▶ **Exercise aim**:
Starting at the line that contains "Wallpaperres.com | Piglet", print each line exactly through the end of the listing. Skip any pictures and add nothing.

▶ **Provided data**:
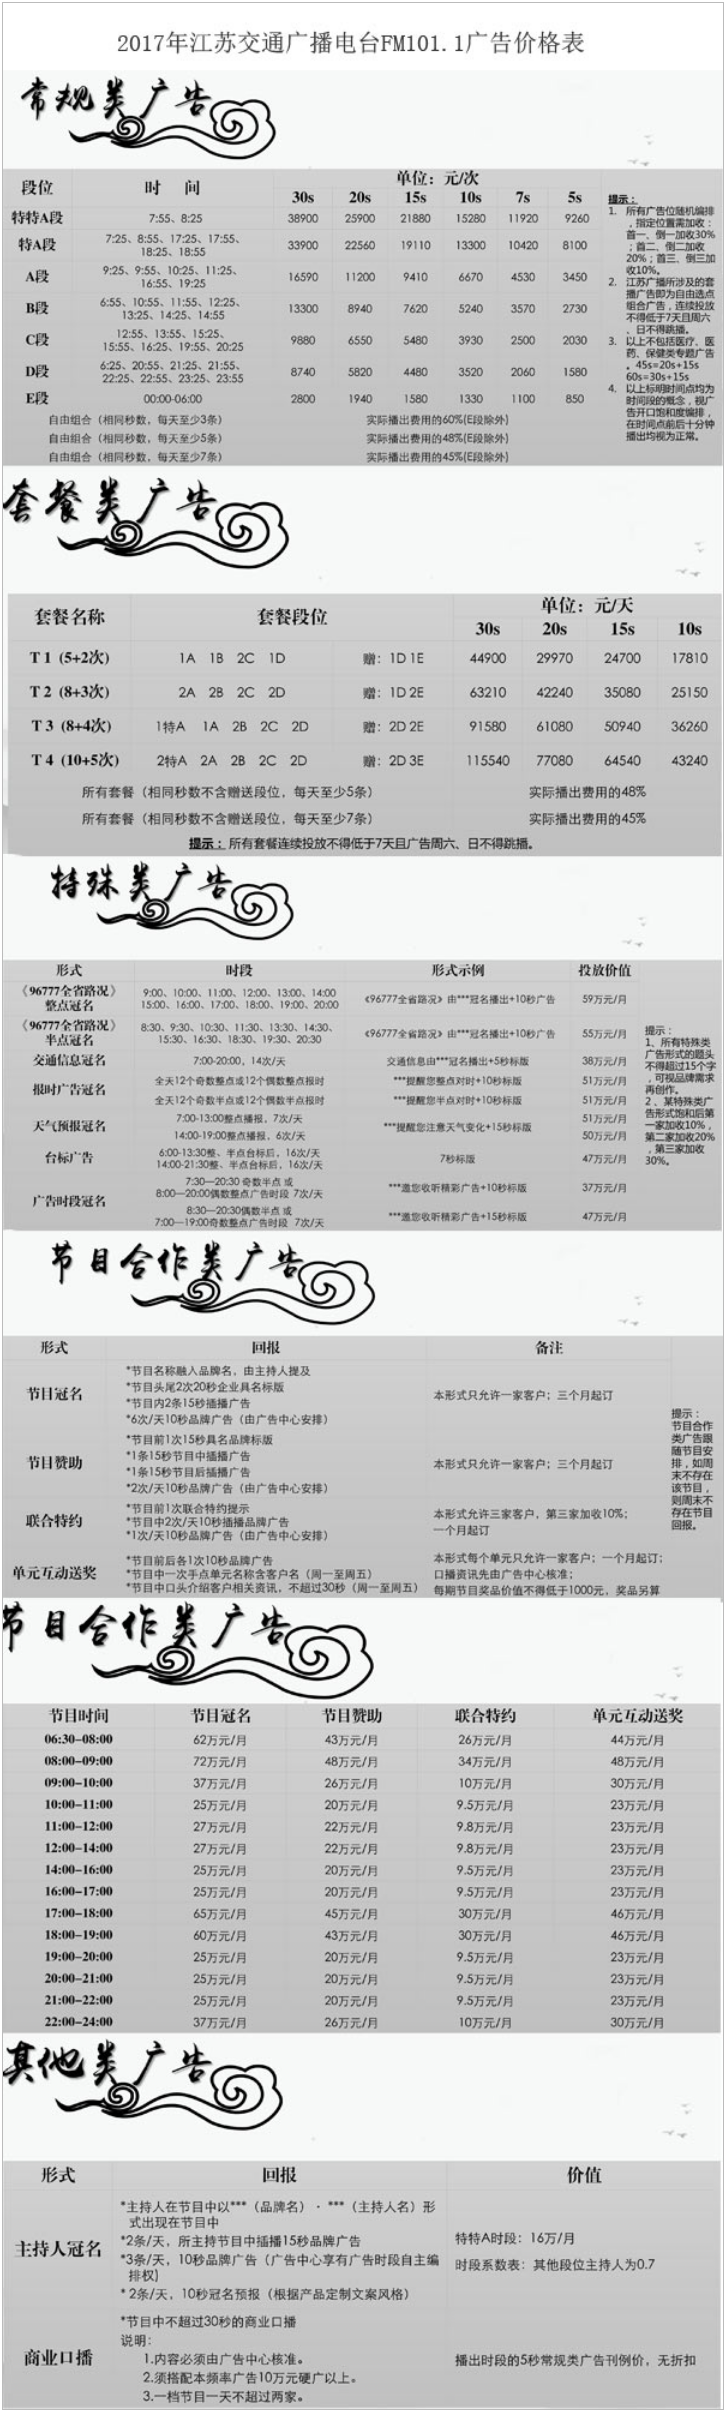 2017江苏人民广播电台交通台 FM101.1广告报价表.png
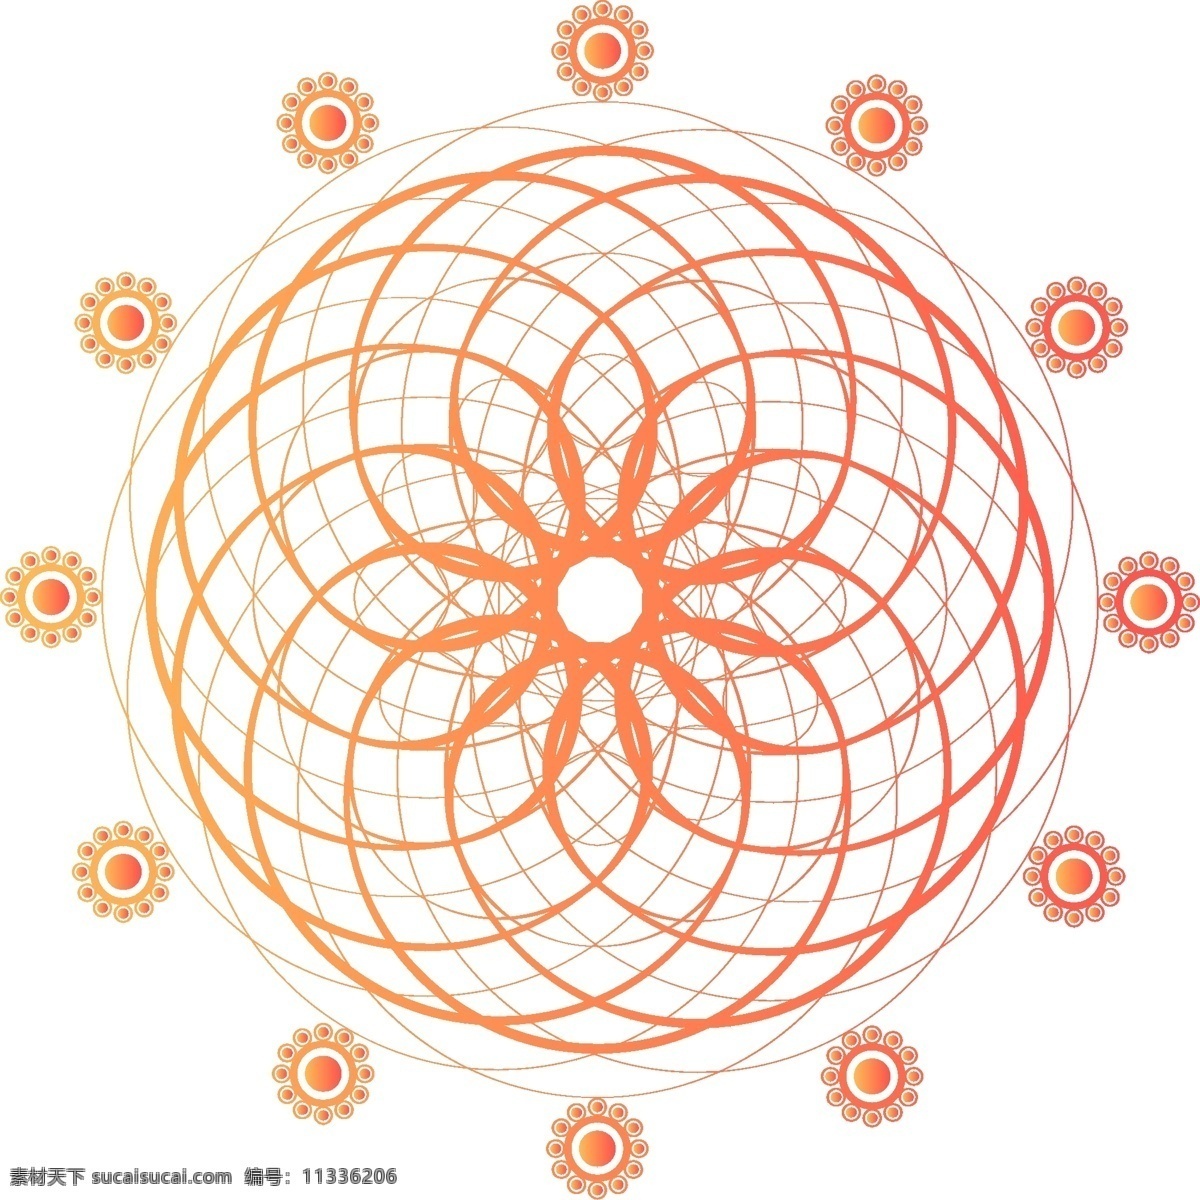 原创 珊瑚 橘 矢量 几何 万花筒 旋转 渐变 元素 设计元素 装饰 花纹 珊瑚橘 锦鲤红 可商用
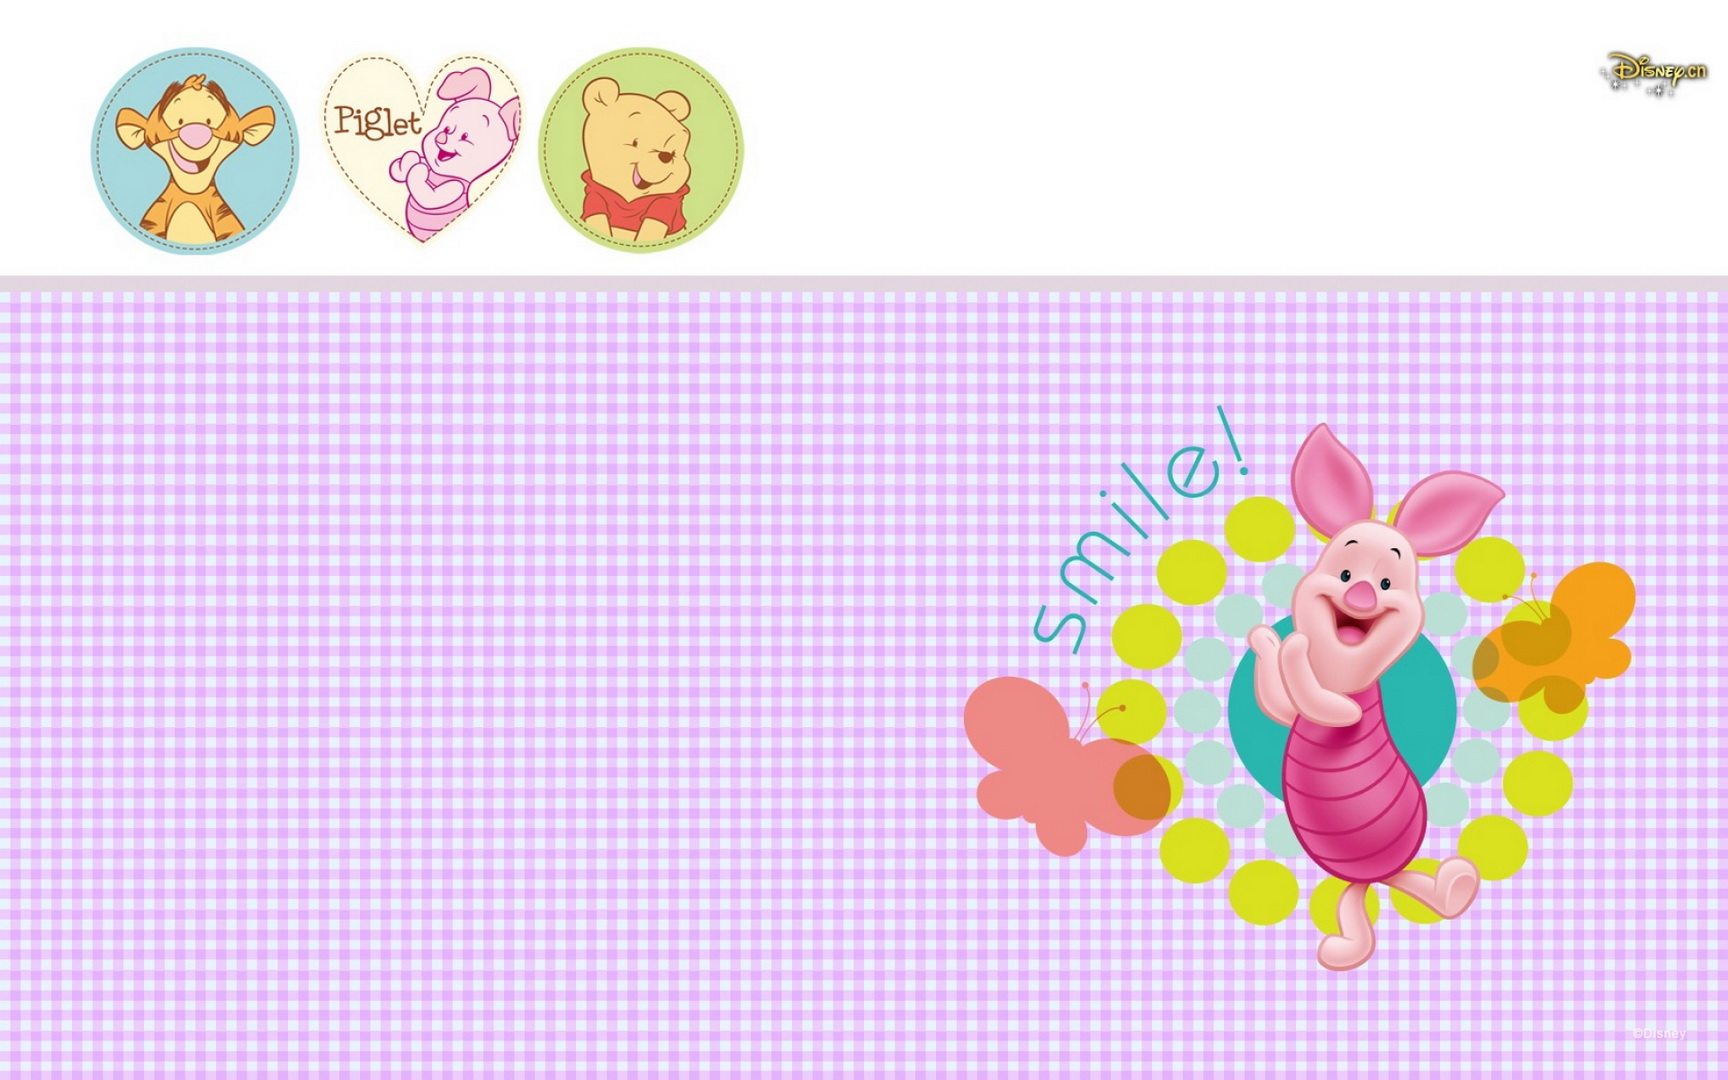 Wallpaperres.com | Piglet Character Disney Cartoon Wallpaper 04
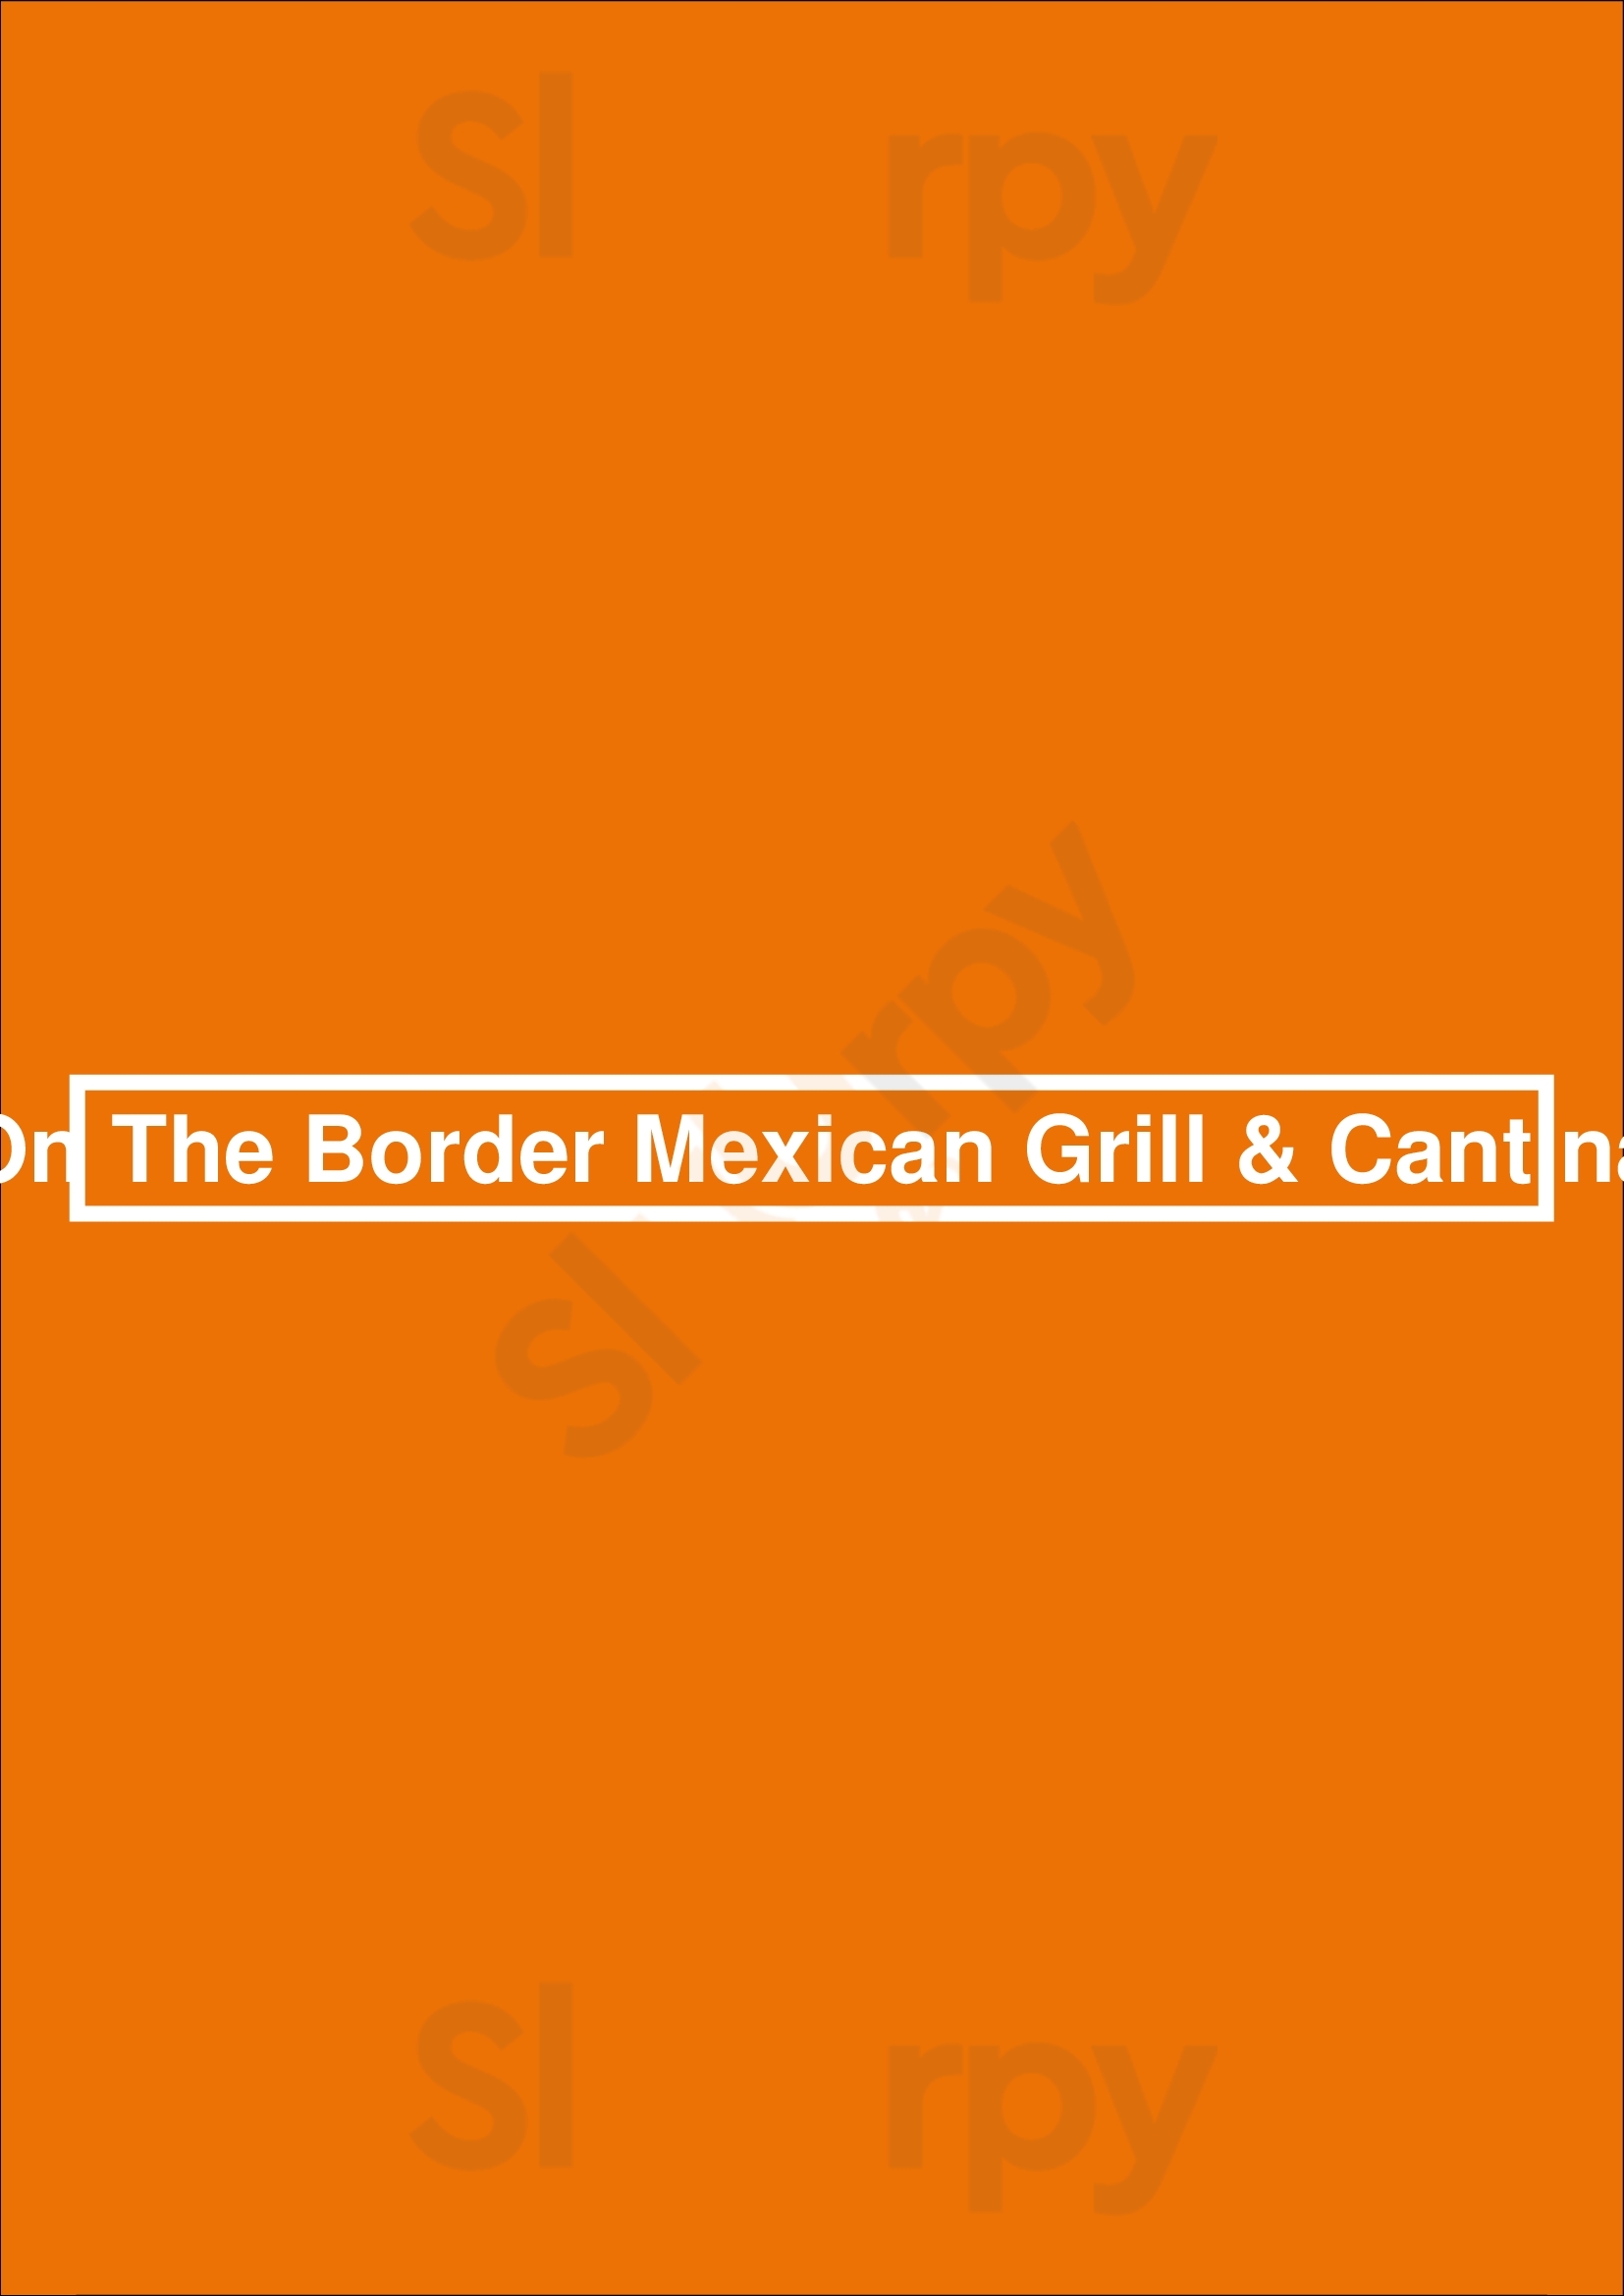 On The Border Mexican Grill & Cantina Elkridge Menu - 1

▶ **Task answer**:
 Wallpaperres.com | Piglet Character Disney Cartoon Wallpaper 04
 On The Border Mexican Grill & Cantina Elkridge Menu - 1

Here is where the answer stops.